By far the highest-effort of the Ator flicks is also the least sequitur, ditching everything except O'Keeffe and affecting an MTV arthouse style, with some great scenery and lulzy 80s aesthetics, such as our heroine's new wave makeup.

Before the oceans drank Atlantis, dying one eyebrow pink was in.

The plot is that Glinda, the Good Witch of the West, paroles Phaedra, the Wicked Witch of the Worst, whereupon Phaedra immediately takes over the local kingdom, massacres an entire town, and generally wreaks havoc, making Glinda not all that good, really, all things considered.

"We have to let this unrepentant psychopath loose on the populace at large. It's her human rights."
"Don't innocent people have a human right not to be victimised by psychopaths?"
"LOL no, crie moar CHUD"
- Actual dialogue (real life).

Fortunately Ator, minus the kino hair but plus downright Road Warrior tier shoulder pads, is on hand to save the day.
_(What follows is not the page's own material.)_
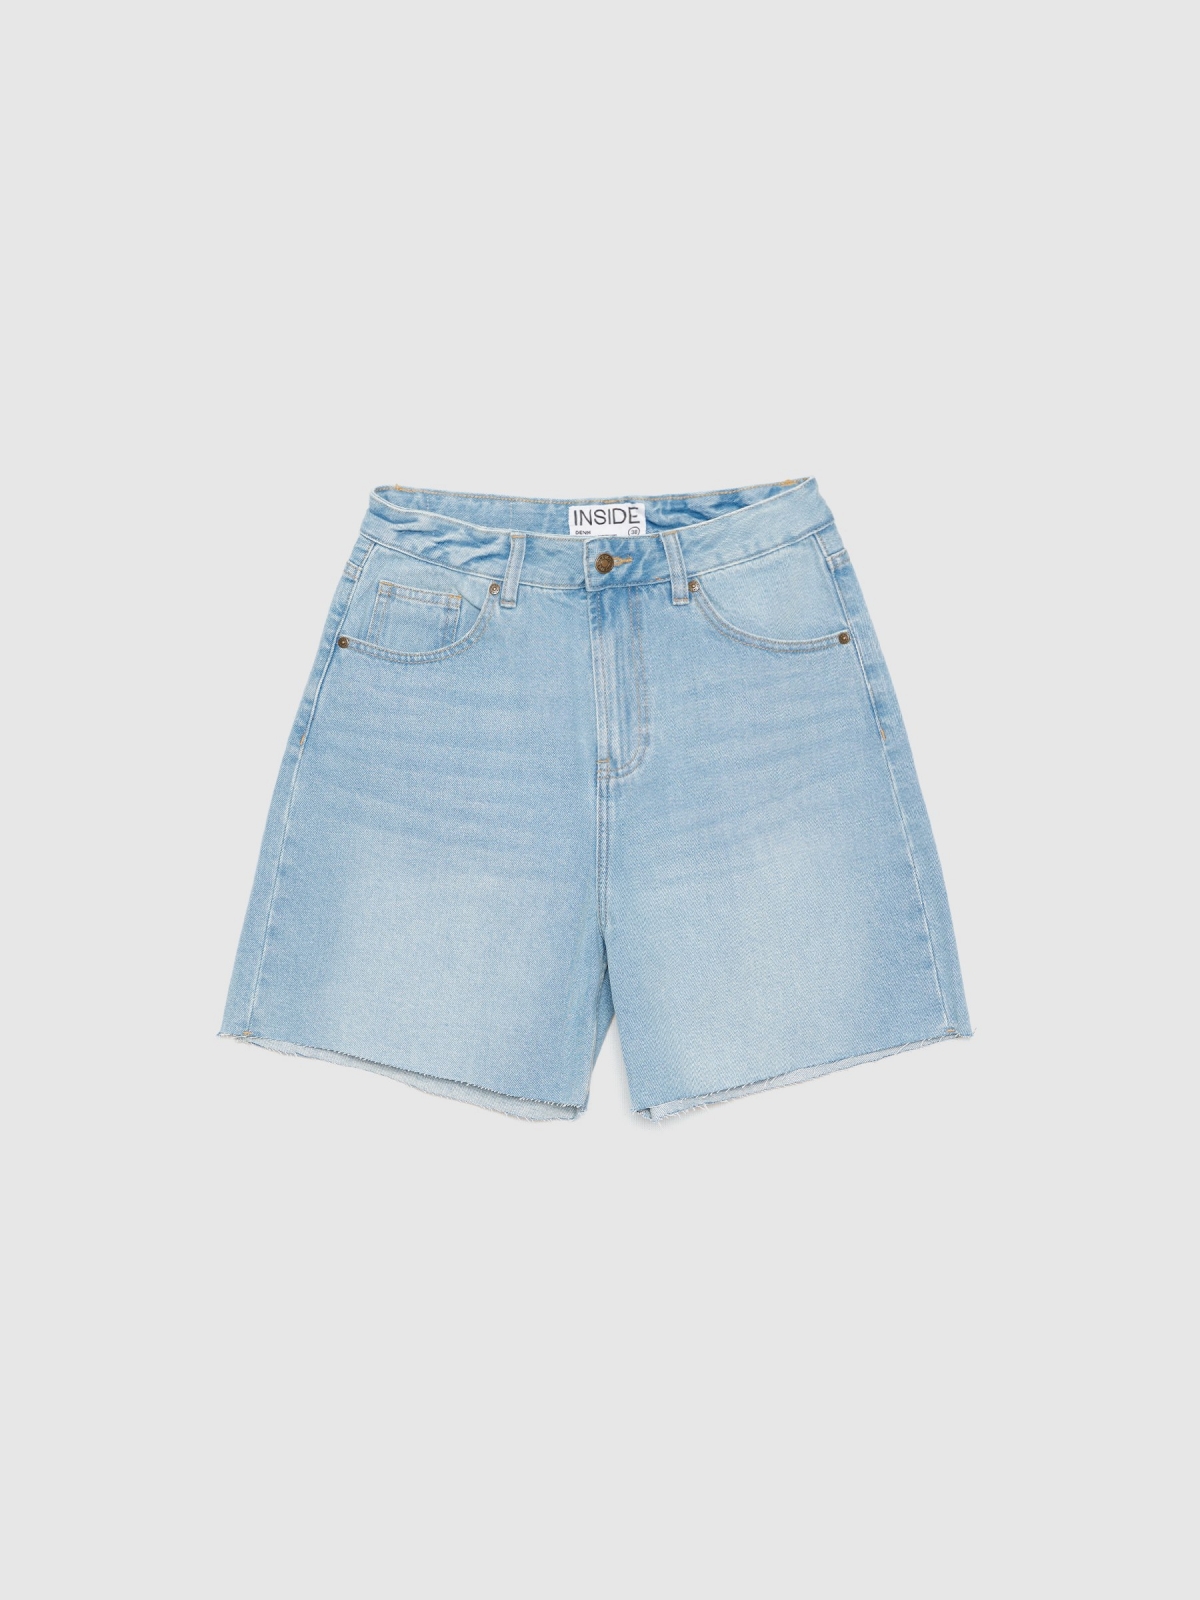  High-waisted denim shorts light blue

There are some downright imaginatively dumb fight scenes, including one where he and Skeletor play catch with the same two spears, followed by another in which bad guys on horseback pick up the princess and attempt to run her into a spear placed in the ground, thus:

The editing is (I think) intentionally disorienting so you're never quite sure what the fuck is going on, and characters keep turning out to be the witch in disguise, so in the end when Ator saves the princess he'd thought was dead, you're expecting it to turn out to be the witch again, but it just isn't and we cut back to Phaedra interred once more in the Phantom Zone, which is (I think) unintentionally actually a clever little double-fake-out and an example of how Subverting Expectations can be a fun way for genre entertainment to remain fresh, provided your filmmakers are actually as smart as they think they are, instead of drooling fuckwits.

Quest for the Mighty Sword

Series originator Joe D'Amato returned for part 4, which, in the tradition of all the other ones, has nothing to do with any of the other ones. Apparently he considers 3 unofficial, which means he somehow considers the flagrantly contradictory 1, 2 and 4 official, which makes one of us*. In this one Aytor is no longer Miles O'Keeffe (merely yards) and is a king for about five minutes until getting shrekt by Thorn, a god who has some beef with Aytor over his titular sword, leaving his son, Aytor Jr., to avenge him and/or rescue hotty Dejanira (Margaret Lenzey) who is in the movie; IDK, it feels like there's a bunch of backstory they never bothered to explain, but I'm not overwhelmed by curiosity.

It's illegal to upload clips from this turd in >240p.

The late Aytor's queen/Jr.'s mom, Sunn (I guess it didn't work out with Mila from 2, or Joe D'Amato forgot all about her), takes the sword to be reforged by a goblin named Grindr, who rapes her with the aid of a love potion and proceeds to raise her kid until he's the most elderly-looking 18-y/o in movies (quite a feat), whereupon he's entitled to reclaim his birthright, but the goblin pranks him a few times with fake swords first, just to be an even bigger asshole. Happily Aytor eventually kills him, but unhappily there's still like two-thirds of the movie left to slog through. Line readings are stilted, budgets are stretched, and eyes are rolled. I'd recommend the first one for your lonely TV-dinner distraction, the fourth if you're still in that MST3K phase where you think being smarter than B-joint writers makes you smart, but most of all I'd recommend a walk.

*Due to sharing a costume with the movie Troll 2, Quest was released in Germany as Troll 3, which I consider to be its proper series lineage.